Numbers are starting to haunt me. It’s weird to think that an inanimate object can have such an affect on you. July 22nd would have marked an occasion that was supposed to be so different for us. We were supposed to reveal the gender of Baby B today. I was going to wear a beautiful, pink lace dress. I was team girl all the way. Brian, of course, was team boy. We will never get to know what you were going to be, Baby B.
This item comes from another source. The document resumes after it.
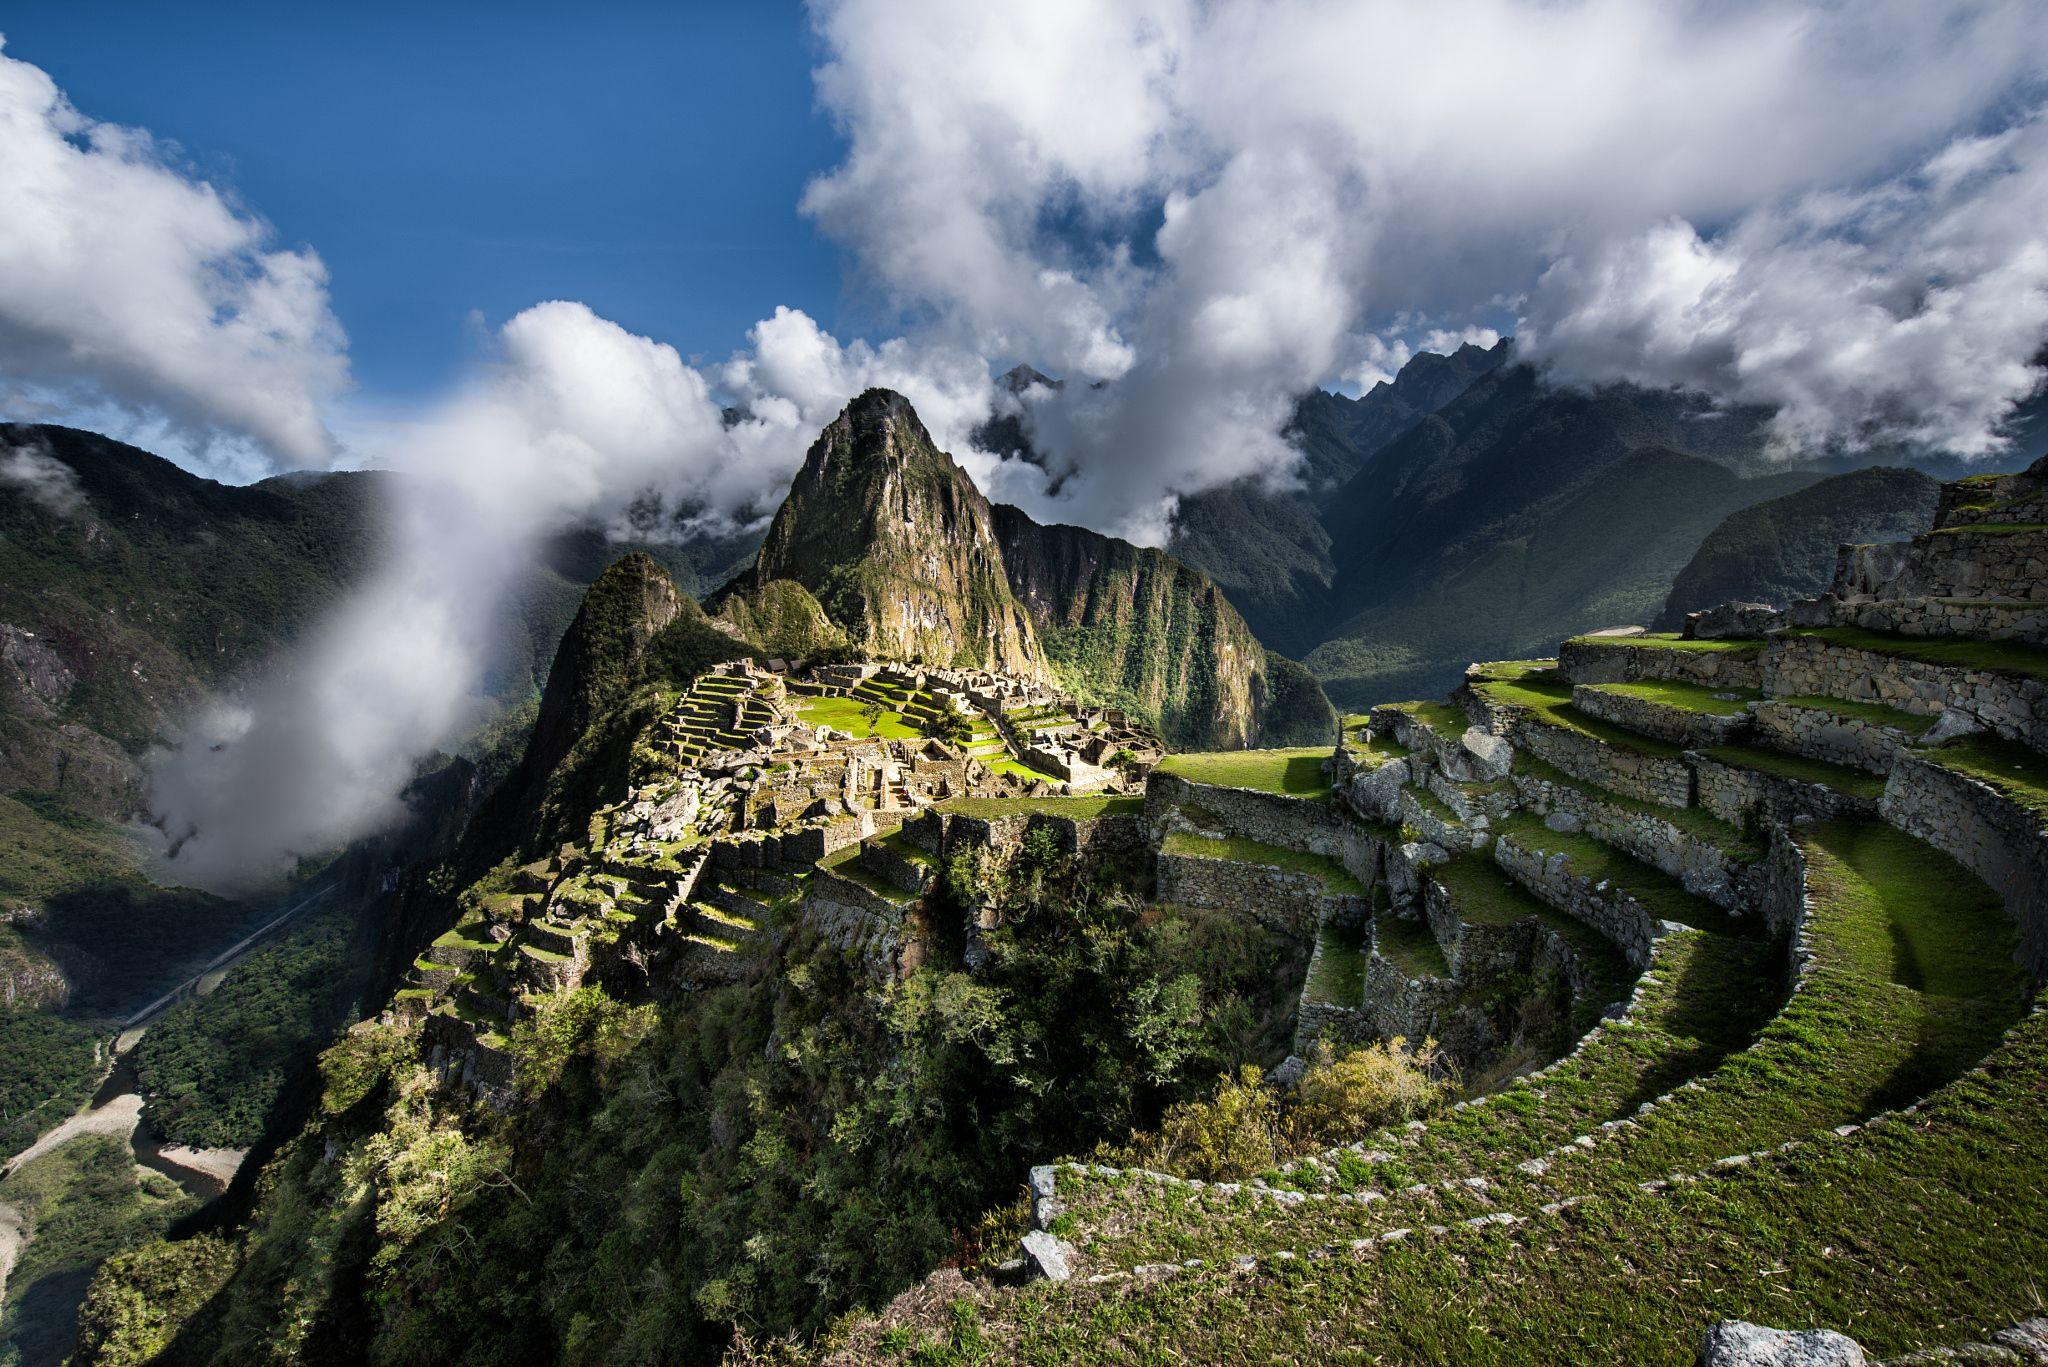 Pikchu Peak - null Machu Picchu, Urubamba (Perú) Photography by Lou Lu

I was in the bank yesterday with my mom, and the bank teller was pregnant. She looked pretty far along. My first thought was how envious I was of her. I imagined if she had private conversations with her baby, and what she spoke about. I wondered if her baby was kicking while she helped my mom and I. That must be such an intimate moment between mom and child. Each and every day, a reminder from your little miracle that he or she is there growing inside of you. Like a special secret only you and baby share together. I remember thinking of what it must feel like to reach down, and rest your hands on your stomach and feel your big bump. I never got to do that. I remember saying in my head “Why did God decide your baby could be on this Earth, but not mine?” The anger that comes from having a miscarriage can feel a little frightening at times. You think “Wow, did I really just say that?” You hope these thoughts don’t escape your lips, but you can’t promise anything. Maybe it isn’t even anger, but heartache.
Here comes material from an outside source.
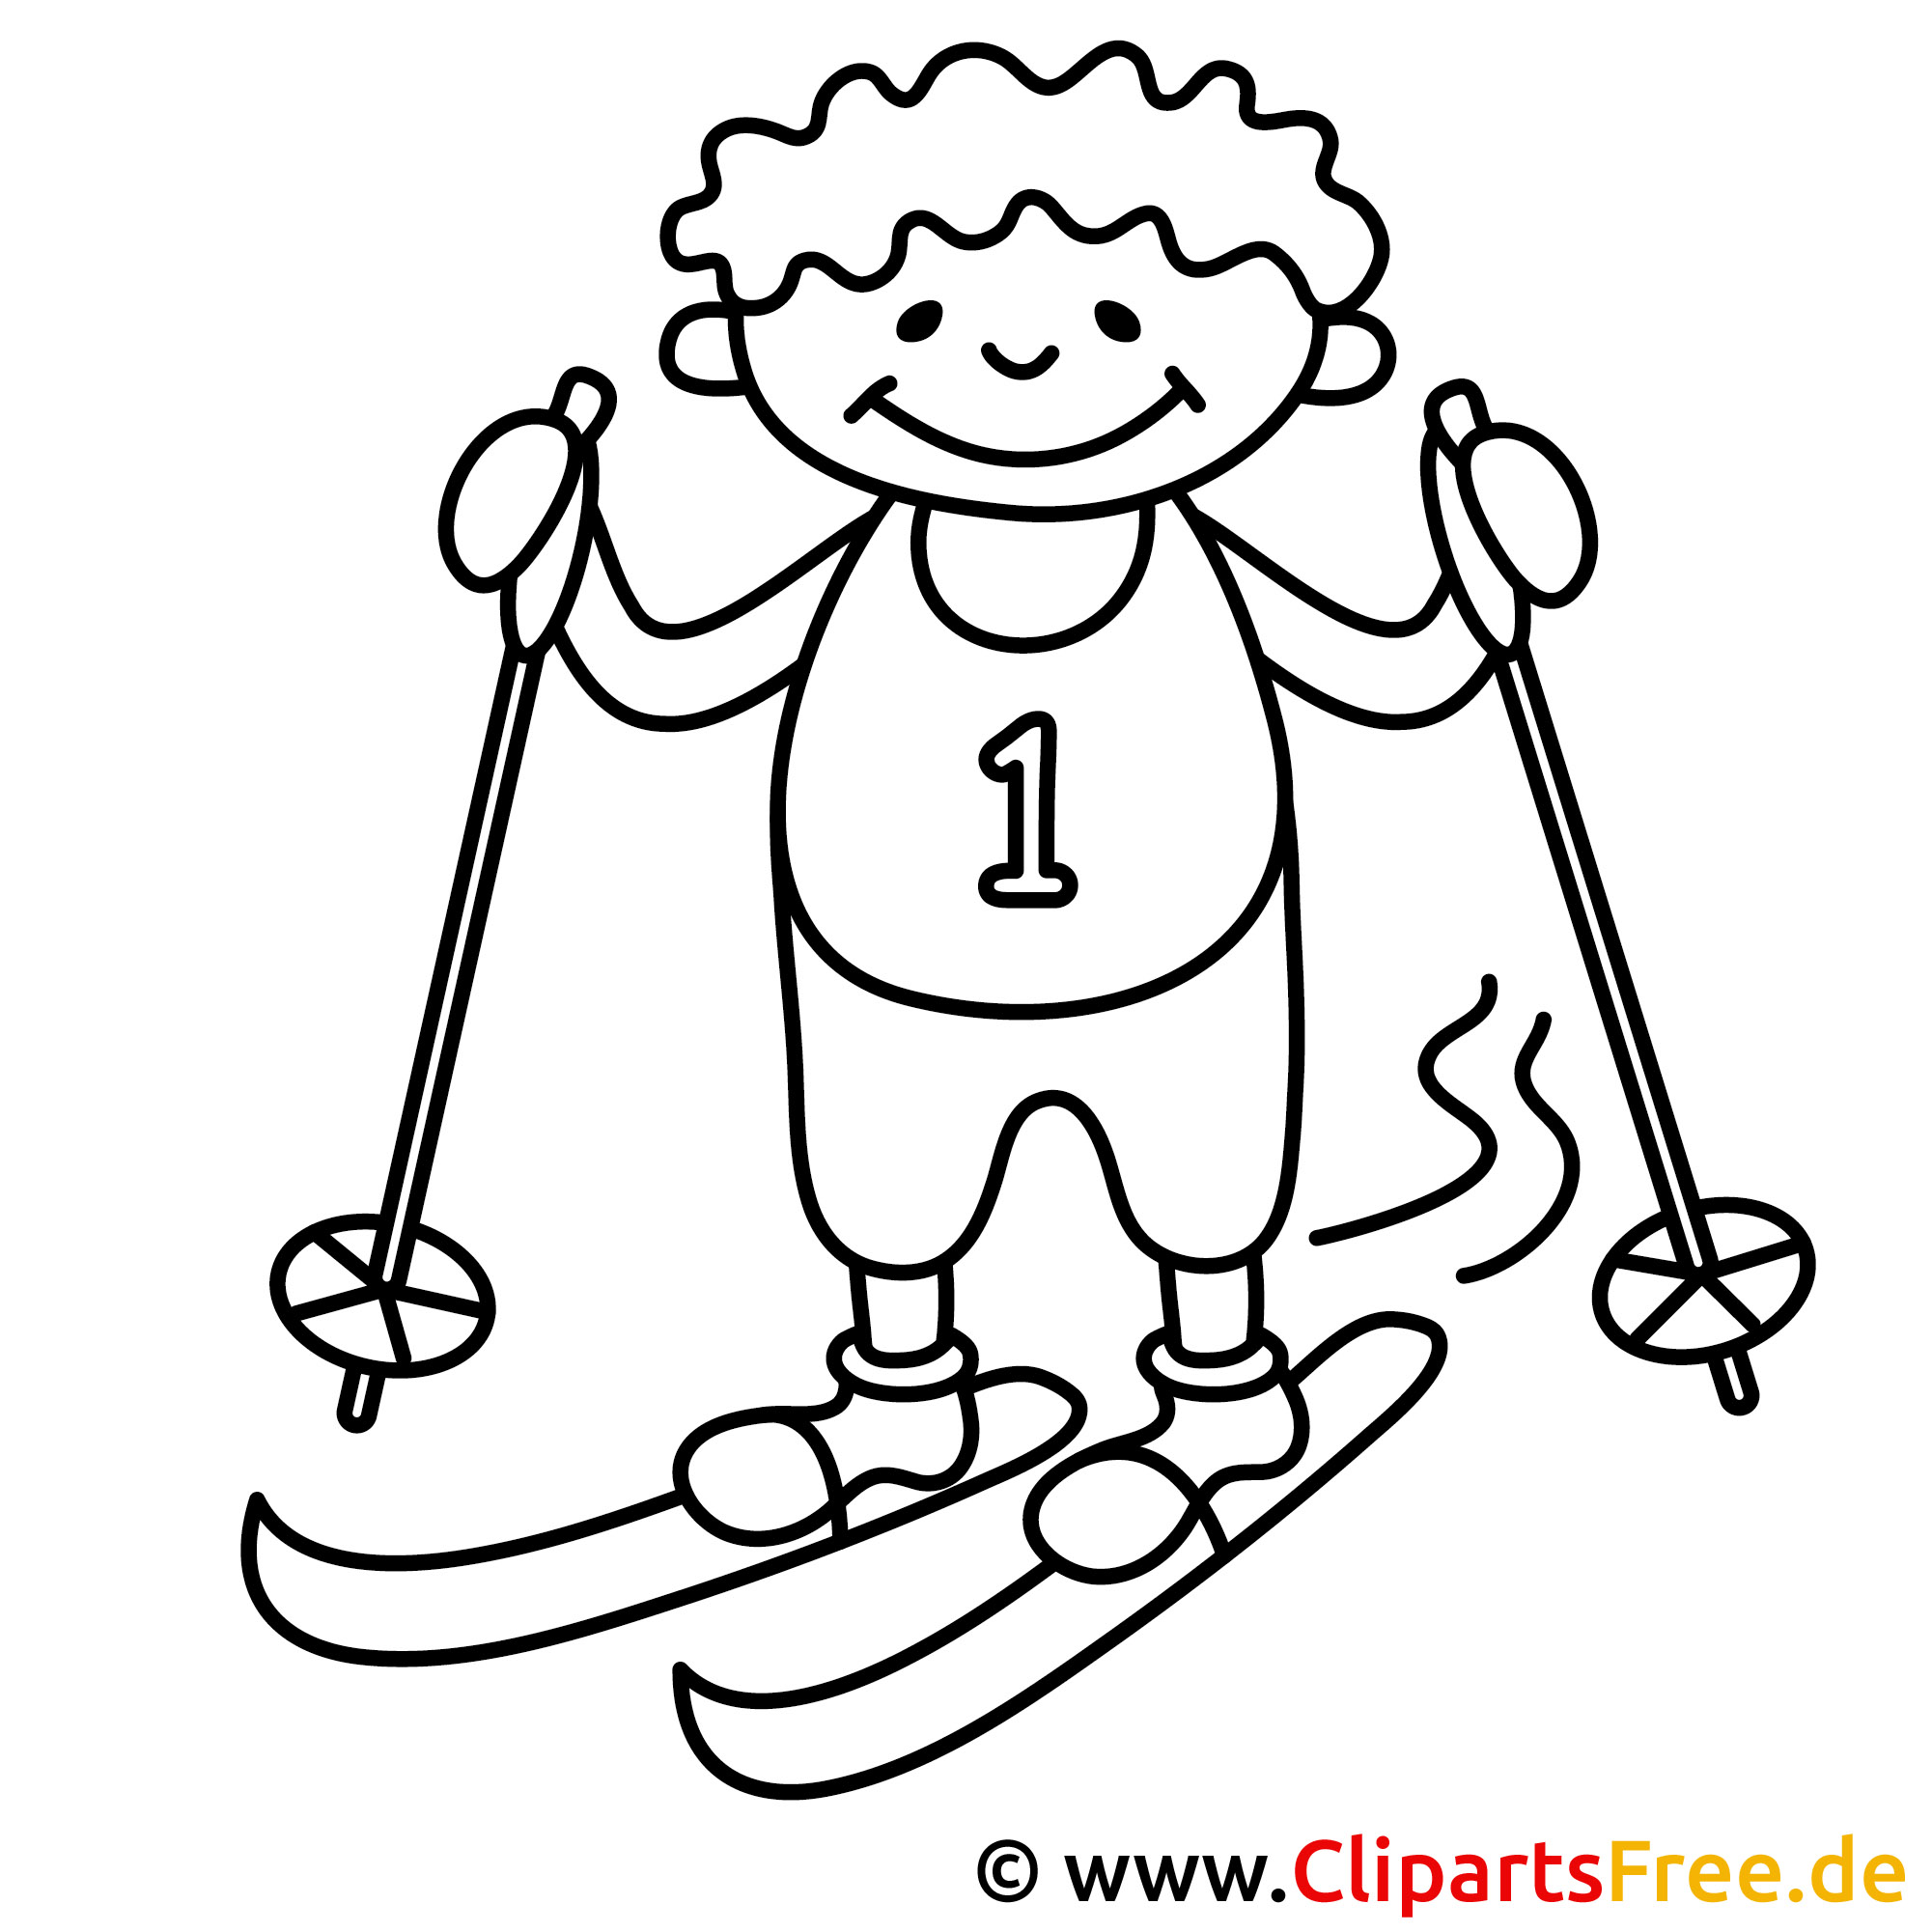 skifahrer malvorlage bild ausmalbild gratis

Something else my mind keeps wrestling with is why did God feel like it was okay to let us create a life, but that it wasn’t okay to let Baby B keep her life. When you find out you are pregnant, your child’s entire life flashes before your eyes. I didn’t just lose my child. I lost watching Baby B opening presents on Christmas morning. I lost watching her blow out candles on her birthday. I lost the first day of school. I lost running around in her jammies with her crazy, curly hair spilling over her shoulders. You didn’t give her a chance. Why didn’t you give her a chance? You didn’t know who she could’ve been.
Another hard thing to grasp is that I couldn’t save her. I went an entire week not knowing that my my baby’s heart stopped. I went around celebrating her, talking to her, and running errands with her. Little did I know, she was already gone. There were no warning signs. Nothing happened to make me think that something could be wrong. I feel like I failed her. I feel like I was her mom, and I couldn’t protect her. Mothers are supposed to protect their children, and I couldn’t do that for Baby B. My sweet angel, I’m so sorry I couldn’t save you.
As the days come and go, the more I start to feel like time is slipping away from me. The people around you are starting to forget. Your life doesn’t get put on pause and you have to resume your daily activities. Its only been a month since our miscarriage, but it feels like it was years ago, but it also feels like it happened just yesterday. Your mind starts to play games with you. I feel like the memory of being pregnant with Baby B is being ripped from me. She was starting to feel out of reach.
A few days ago, I was having an emotional day, and I really needed a sign. I was alone in my car, and I whispered to Baby B “Please give me a sign that you’re watching over us.” I live in South Florida, and it has been raining every day for what seems like months. I asked her if she could please let me see a rainbow after one of our afternoon storms. A few hours later, I returned home, and it had just stopped raining. I got out of my car and looked up into the sky, searching for a rainbow. I wandered to the back of my house to see if maybe I looked in a different direction, I would see one. No luck. The day went on, and it just got more and more emotional. I was a wreck. I started to vent to my husband. At first I was just talking, but before I knew it I was choking on my sobs, getting angrier and angrier. Here’s a little humor…I recall kicking a dog toy and being angry that it was soft and just landed up against the wall with no thud. I then picked up a plastic bag to throw across the room, I don’t know why that would make me feel any better, because that didn’t really go anywhere either. As I got louder and louder, a storm started to brew outside, and before I knew it, it was pouring rain. I finally settled down, tired from my wailing, and laid down in my husbands arms and fell asleep for a bit. We got up to make some dinner, and as we sat down to eat, my husband noticed how strange it looked outside. He opened up our curtains wider, and in tone expecting him to say no I asked, “Is there a rainbow?” He told me yes. I threw my food on to the table, and ran out our sliding glass door on to our patio, and sure enough, there was the most beautiful rainbow we had ever seen. The rainbow was right outside our house, and over the lake. It seemed like it stretched over the entire sky. Brian and I wept happy tears and thanked our Baby B. Our sweet baby, I know you were there watching over your dad and me. We can never thank you enough for what you did. Since then, each day has gotten a little bit easier. I know now I could never be without you.
I have faith. I do, because that’s the only thing I can hold on to right now. Its something that helps me get through each and every day. Having a miscarriage is the worst thing that has ever happened to me. I am not foolish to think I won’t go through other hard times, but I also know, there are also incredible things to happen. Maybe they are right around the corner. I can hold on to that.